I am proud that I am still relevant even when I am useless. I am proud because I carry with me the cross and shame of going to school to study “Arts.” I am proud because they think when I had my mind dedicated to reading novels and plays, and writing unbrief essays I still didn’t use my mind. I am proud that I am thought “a weak mind” because I couldn’t do the Biological or Physical sciences that are the only cause of the life we lead. I am proud that when I did Theology, Communication, Literature and Languages, I ended up a failure in life. I am proud that even when I tried my luck at them, passed but didn’t opt for them, the sciences, I regretted my childhood decision. I am proud that life without Science has led me to become a ‘by stander’ and never a driver.

I remain not very useful because I taught my language learners writing capitals and therefore they write symbols of chemical elements and excel in Chemistry, I mind not being useless even when I teach skills of comprehension that help the Physics learner to interprete the endless instructions that are the basis of doing a successful practical experiment. I am happy to be stupid because I taught the learner to interprete questions in context and they passed their no. 31 of Biology.

I am proudly irrelevant because even when the Science teacher consults issues concerning language, I tell them the nonsense I know. I pride in my parents’ wasted fees, because I became a Language teacher, therefore an ‘Arts teacher’. I don’t take fault in the head of state saying I wasted time reading A Merchant of Venice, reading Twelfth Night, reading King Lear, King John and the senseless Sonnets by the father of drama Shakespeare. I regret the knowledge I got from the readings. I am happy after all that even when I have to teach six periods a week to help the learner express their Science, I am still a ‘no brainer.’ I delight in the fact that I at times read Science to teach it in comprehension, thereby assisting to teach it, some times even better than the ‘true scientist who should earn for the good job done.’ I don’t find fault in doing this noble work being regarded as a “we can do without them.” I am happy that ultimately, because my Science counterpart works extra hard all the learners become scientists. Oh! Why did I over speak thinking I was making Advocates, Judges, Journalists-whom the fountain of honour calls rumour mongers, Social Workers. I am still proud, yes I am proud.

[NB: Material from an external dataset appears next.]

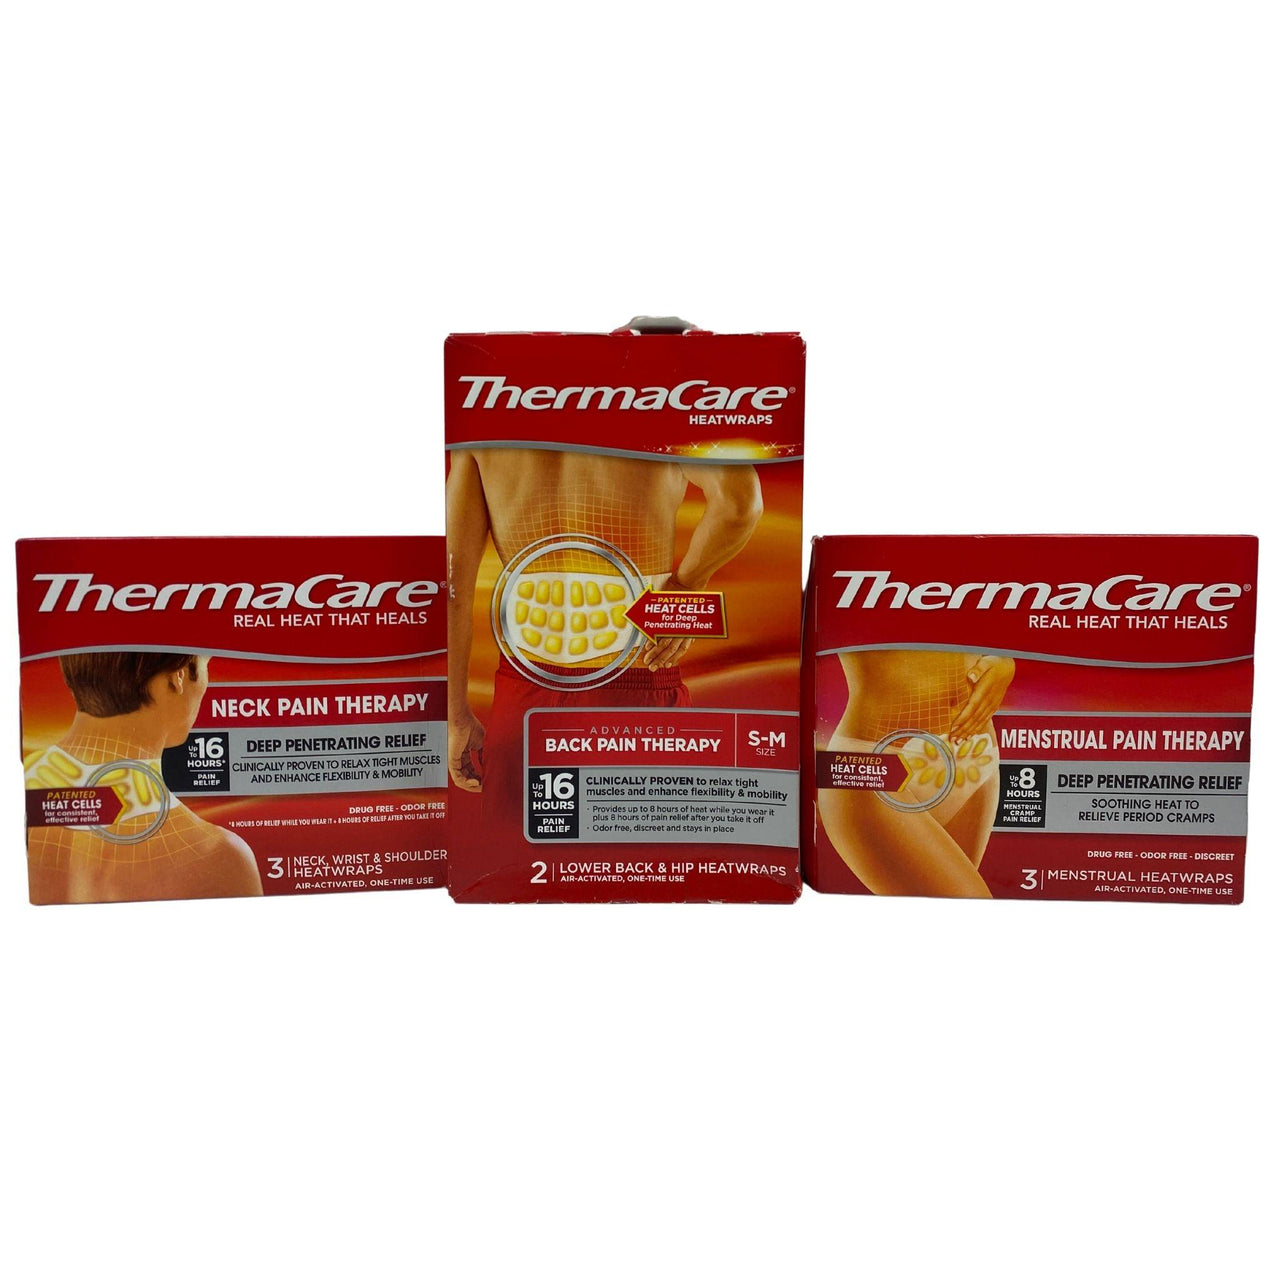 ThermaCare Real Heat That Heals (26 Pcs Lot) - Discount Wholesalers Inc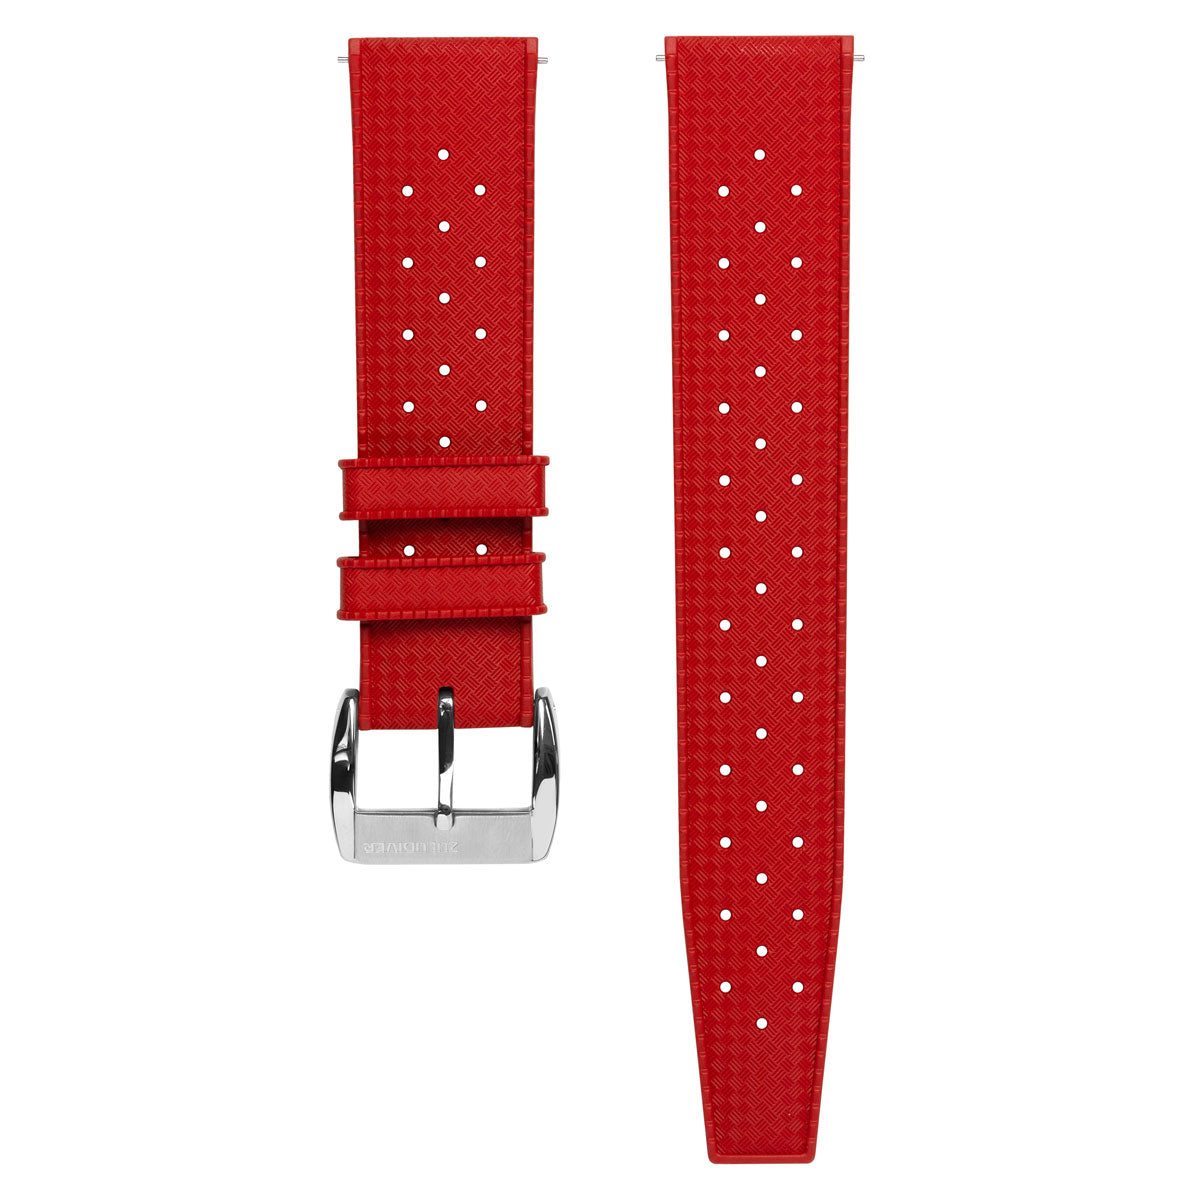 ZULUDIVER Vintage Tropical Style FKM Rubber Watch Strap - Red

I am still wondering, thou still proud of my efforts, why Nakatude scored a distinction in Biology, Chemistry, Physics, Maths and all sciences but failed with a failure English language but was denied chance to do a Medical course. Why deny this genius chance. I wondered when Mugisha who was a ‘bwat’ in Sciences was denied a division one because he failed a mere English Language, but knew all the Science! May be his teacher was not as proud to teach as myself.

I am inspired to keep inspiring learners to follow their passions, to encourage them to pursue their interests. I am moved to keep helping them better understand and express Scientific concepts whenever I can. I am hopeful that in the end, the doctors, engineers, lab technicians, pilots, surveyors, Architects and most of all Teachers, but of Science, who will come out of my classes won’t find my efforts worthless. I am humbled to believe that ultimately, my fellow Science teachers will at last rethink at which they will realise that I too, compliment their teaching. I am still strong, for I have done purely no good to deserve better pay. I must regret because I failed at it, at Science, which has made my effort to make it better worthless. I am glad that I gathered all the bonds of my ‘poor’ knowledge to pen down this rant. I am not alone, we are many, we are proud to offer nothing to the success of Science. We are happy!